- Caddens Location in metropolitan Sydney
- Interactive map of Caddens
- Country: Australia
- State: New South Wales
- City: Sydney
- LGA: Penrith City Council;
- Location: 48 km (30 mi) W of Sydney CBD;

Government
- • State electorate: Londonderry;
- • Federal division: Lindsay;
- Elevation: 71 m (233 ft)

Population
- • Total: 3,487 (2021 census)
- Postcode: 2747
- Gazetted: 2012
Suburbs around Caddens
| Kingswood | Kingswood | Claremont Meadows |
| Kingswood | Caddens | Claremont Meadows |
| Orchard Hills | Orchard Hills | Claremont Meadows |

= Caddens =

Caddens is a suburb of Sydney, in the state of New South Wales in Australia. It is a new masterplanned residential neighborhood located 49 km west of the Sydney central business district, in the local government area of the City of Penrith featuring views of the scenic Blue Mountains. The suburb's postcode is 2747.

The suburb is bounded by: Western Sydney University Penrith Campus to the north, Claremont Meadows to the east, Orchard Hills at Caddens Road to the south, and Kingswood to the west.

==History==
Caddens was named after Thomas John Fuller Cadden, a prominent business entrepreneur and pioneer of major development in the Penrith area.
Caddens was officially designated as a separate suburb on 30 March 2012. Caddens was previously part of the neighboring suburb of Kingswood. As at the the population of Caddens is 3,487.

==Housing==
The first housing developments were completed in 2013. Prior to this, the land was used predominantly for farming.

==Education==
Caddens is very close to Western Sydney University Penrith Campus, which lies outside the northern boundary of the suburb.

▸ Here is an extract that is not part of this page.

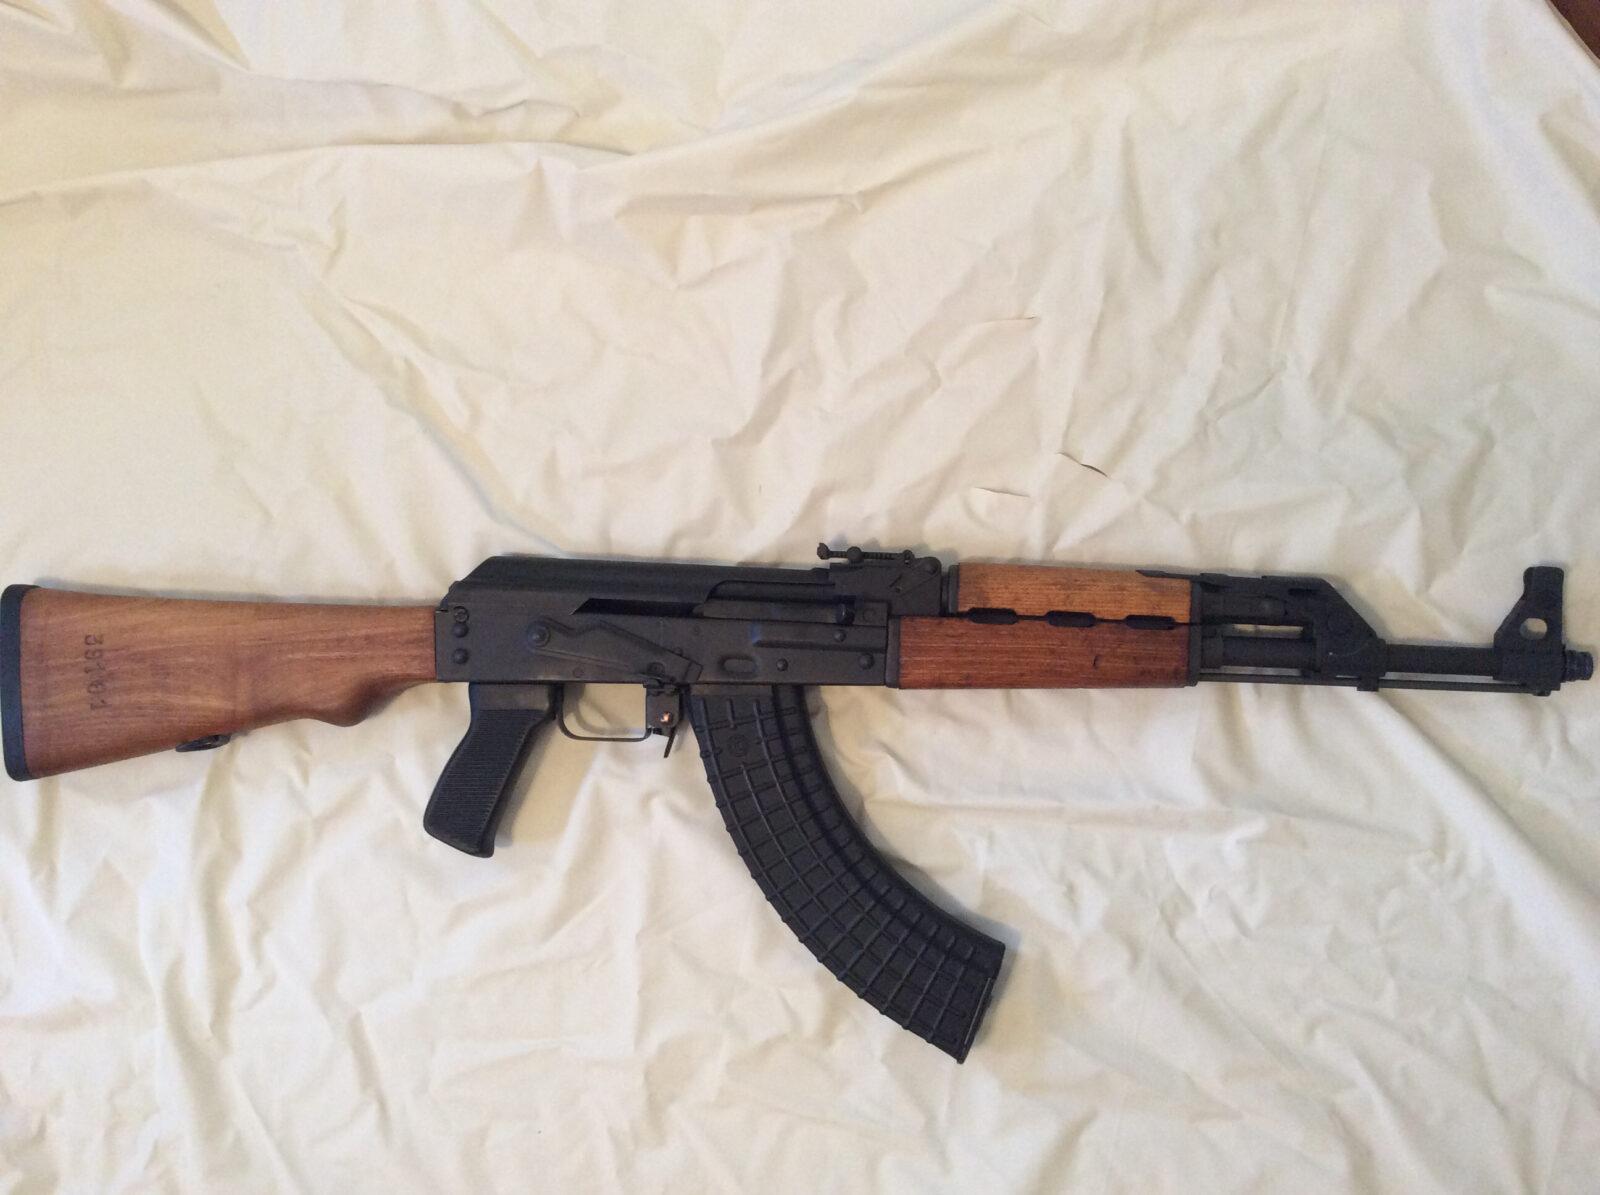 7343518eac83b5c913f22058ecdf800b zps5fd4b604. AK and related rifle furniture   grips  handguards  and butt stocks

It also falls within the high school catchment area of Kingswood High School. The suburb also lies within three public schools' catchment areas.

==Hospitals==
Hospitals nearby include the Nepean Hospital, Nepean Private Hospital, Mount Druitt Hospital and Blacktown Hospital.

==Shopping==
Caddens Corner Shopping Centre on O'Connell Street is now open. Shopping centres in surrounding suburbs include Southland Shopping Centre Penrith, Nepean Village, Westfield Penrith, St Marys Village Shopping Centre and Station Plaza in St Marys.

==Churches==
The Penrith Baptist Church, built in 2014, is located in Caddens on Caddens Road. Many other churches and places of worship are found in nearby suburbs.

==Parks==
Large amounts of land are currently and planned to be occupied by green spaces. The Roger Nethercote Park and Hilltop Park are some more prominent green areas.

==Transport==
===Road===
The suburb is situated very close to the M4 Motorway and the Great Western Highway.

===Bus===
Caddens is serviced by two bus routes that are operated by Busways: the 774 bus service between Mount Druitt and Penrith and the 781 bus to Penrith via Glenmore Park, and St Marys via Claremont Meadows.

===Rail===
Kingswood and Werrington railway stations are the closest with direct connections to the Sydney CBD, Penrith, Blacktown and Parramatta. Alternatively, residents can catch the local bus services that connect to St Marys railway station.